Perdida na construção de vida fantasiosa arquitetada por seus delírios, ela transfere para a literatura uma ficção que, apesar de se valer de elementos cotidianos, não encontra nenhum respaldo na realidade.
Ah, Mavis, se você pudesse ter acesso à máquina de desejos que transformou a vida de Josh Baskin (“Quero ser grande”, 1988)… Matt Freehauf (Patton Oswalt), geek, ex-colega da beldade e sua âncora no mundo real, alerta a (nova) amiga para o fato de que ela era muito pior quando nova. Superficial, insensível, pedante, egoísta… Os adjetivos pejorativos engasgam na garganta de Matt, apaixonado pela ex-prom queen desde sempre. Mavis não percebe que o melhor não depende dos outros, mas dela mesma – perdida de si, não resta a ela outra alternativa, exceto a perturbação, que tateia no escuro de seus pensamentos em busca de algo para se fixar, como piche.
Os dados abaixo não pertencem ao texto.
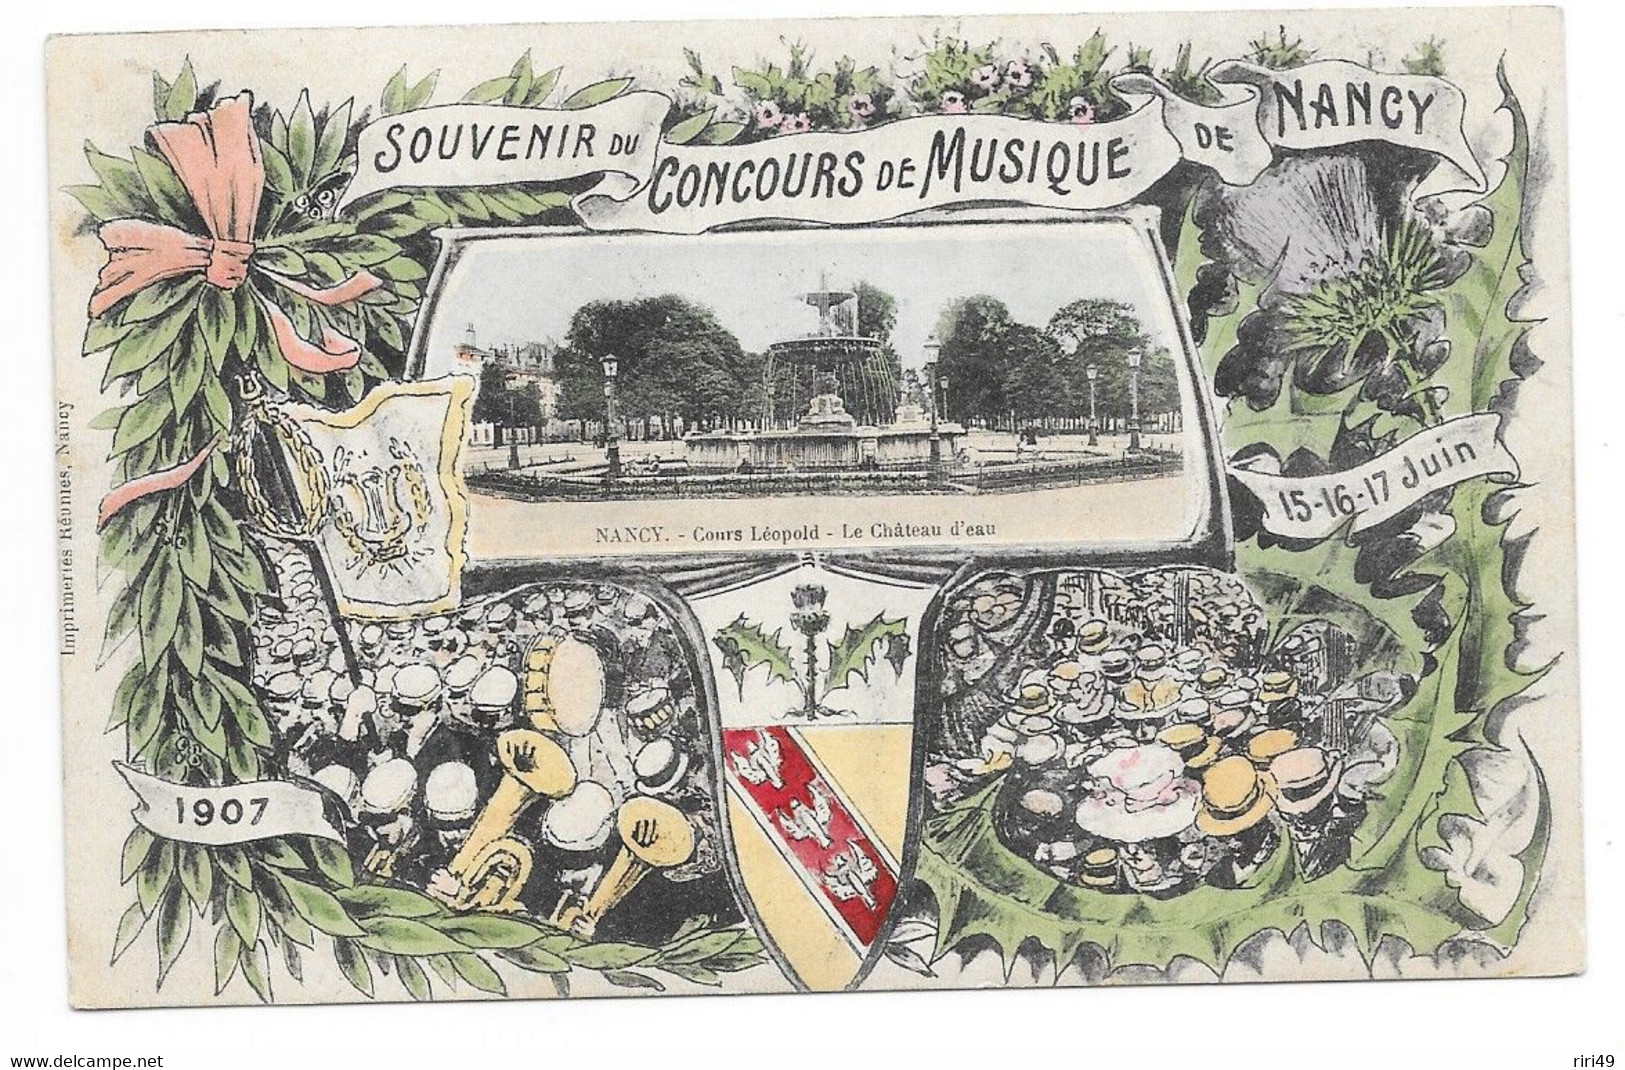 Cpa 54 NANCY, Souvenir Du Concours De Musique De NANCY, 15,16,17 JUIN 1907? VOYAG2E 1907 Belle Carte - Nancy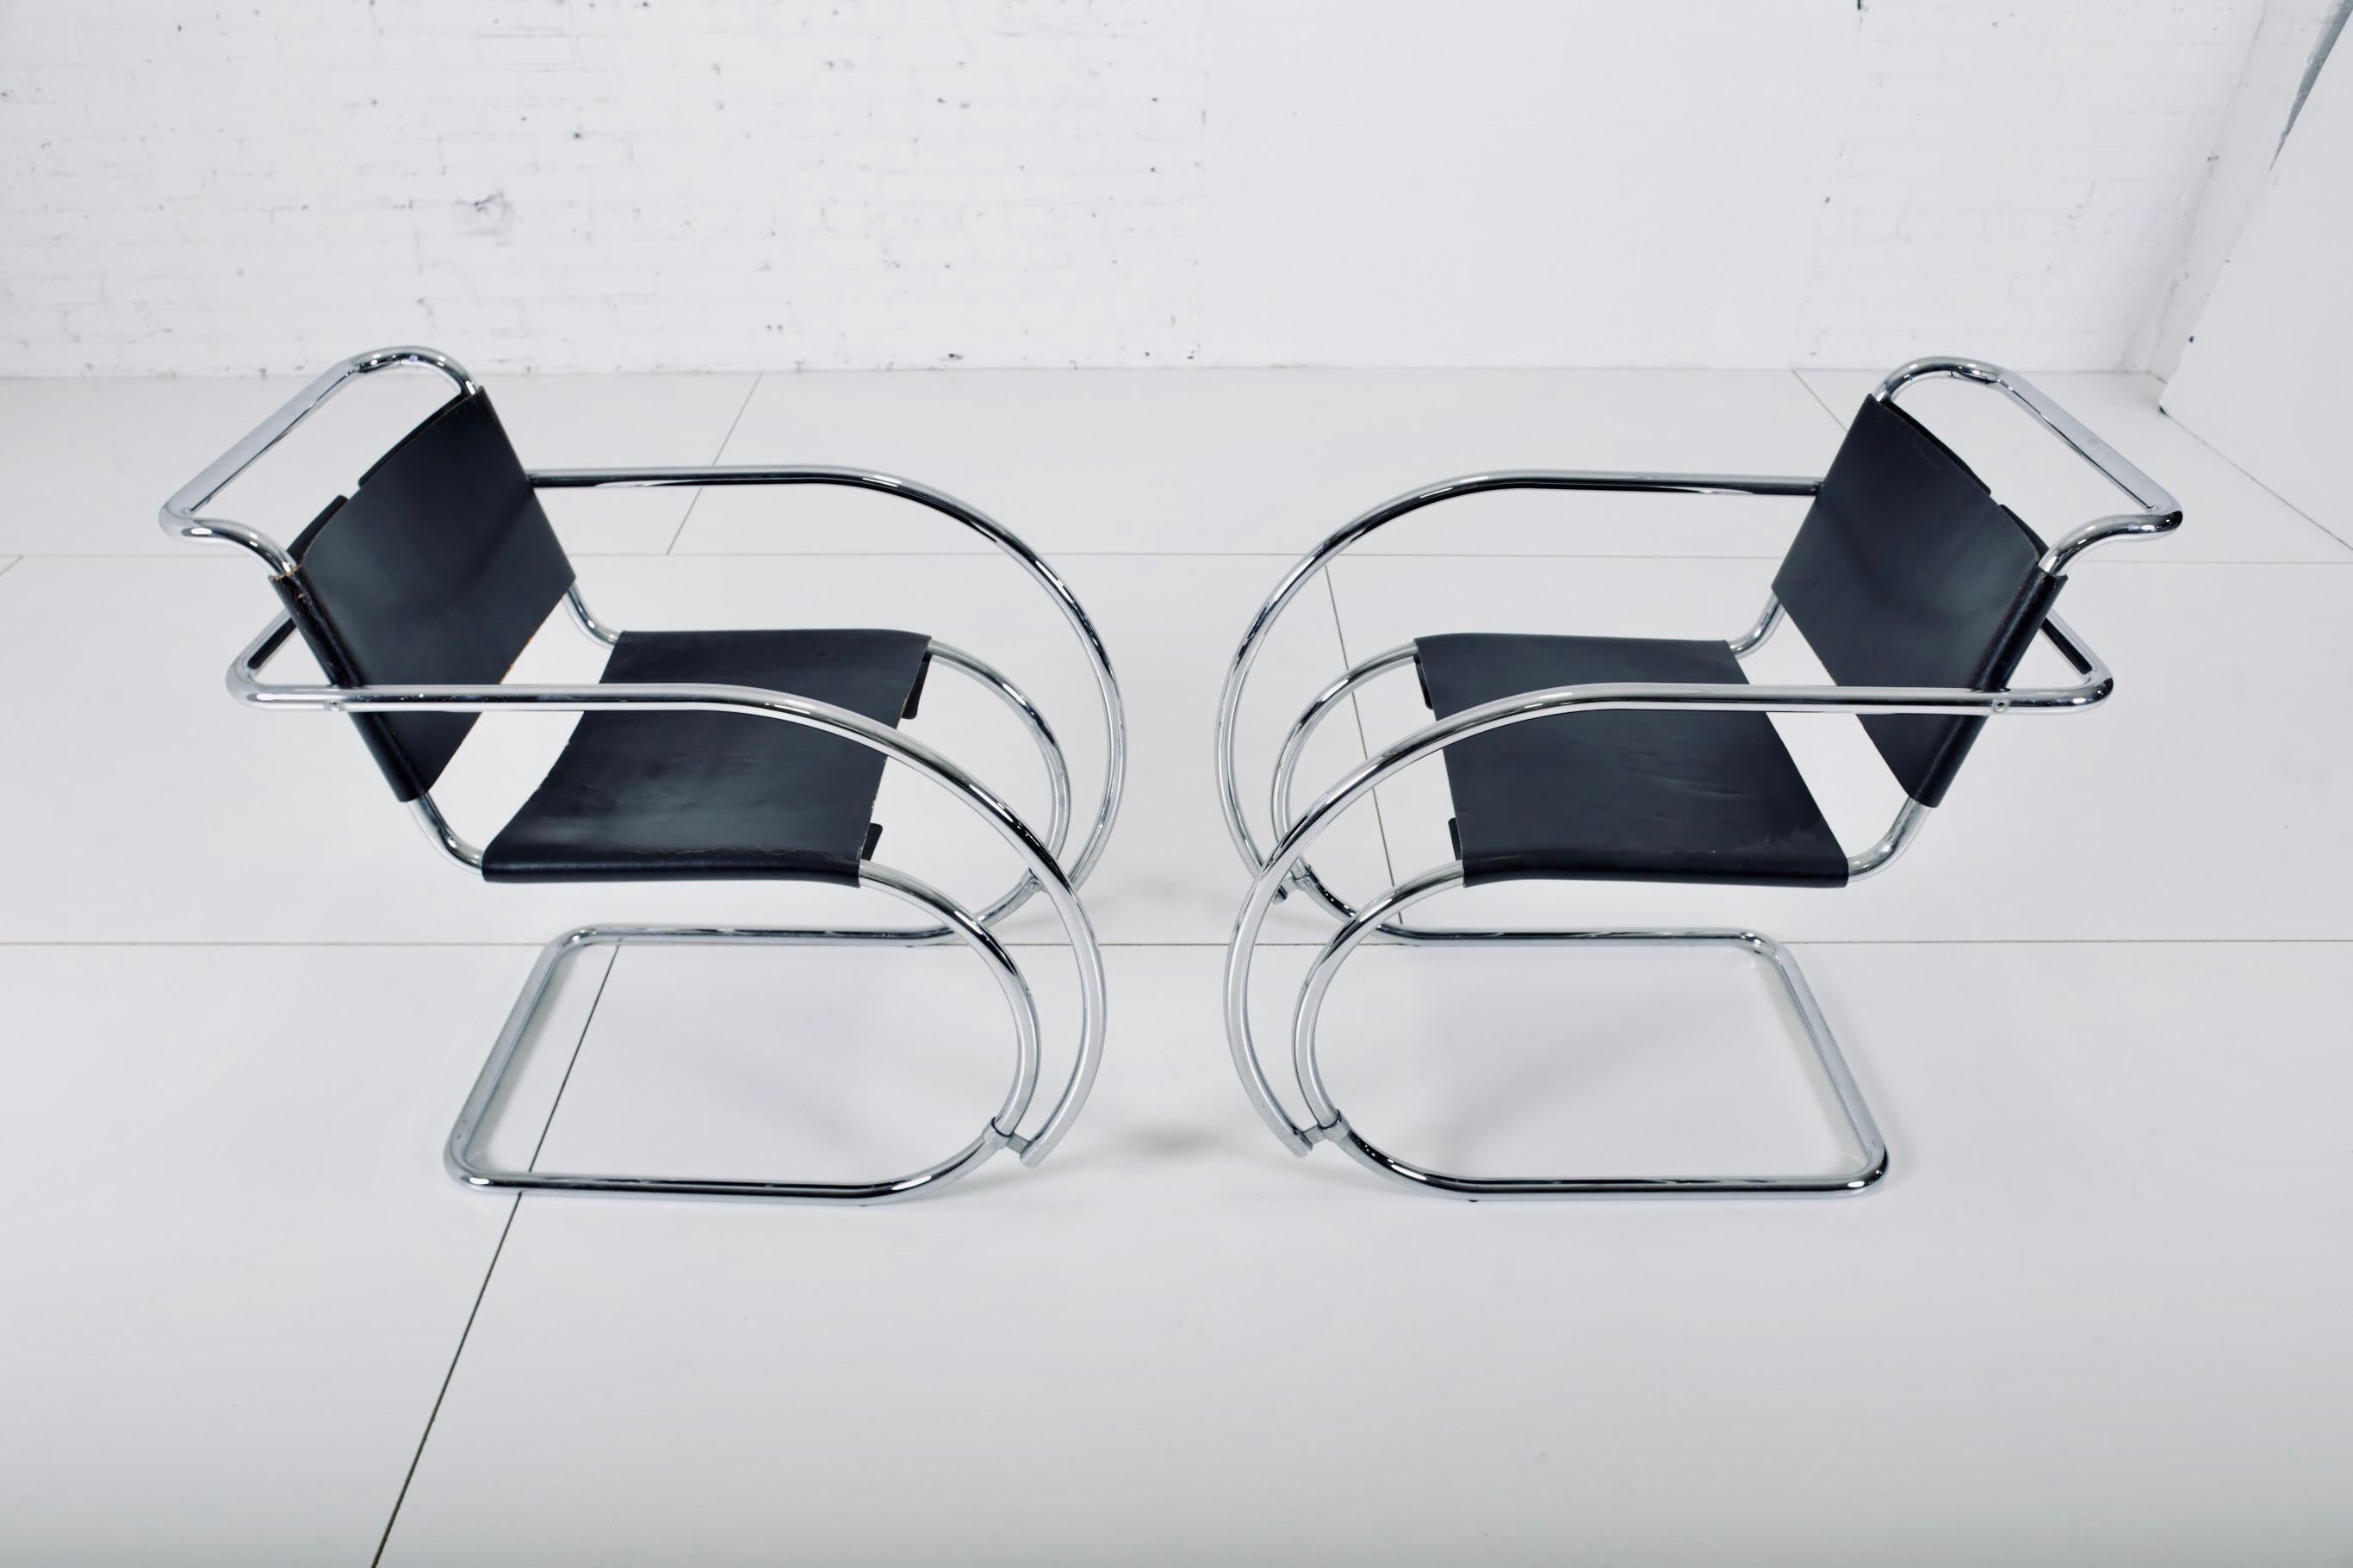 Paire de fauteuils MR20 des années 1960, conçus par Mies van der Rohe pour Knoll. Le cuir d'origine et les cadres en acier inoxydable sont en grande forme. Les chaises portent les premières étiquettes Knoll.

 

Mais amadurecido, Jason Reitman se sente à vontade para – amparado no talento de Charlize, no politicamente incorreto, nos diálogos ácidos e no humor negro (mais light do que o de Todd Solondz) –, fugindo dos distúrbios e inconformações epidérmicos, incrementar sua cinematografia com a profundidade de questionamentos existenciais, questionamentos deturpados pela loucura que existe dentro de todos nós, e só precisa de um empurrãozinho das circunstâncias para emergir. Darren Aronofsky (ídolo!!!) faz escola novamente.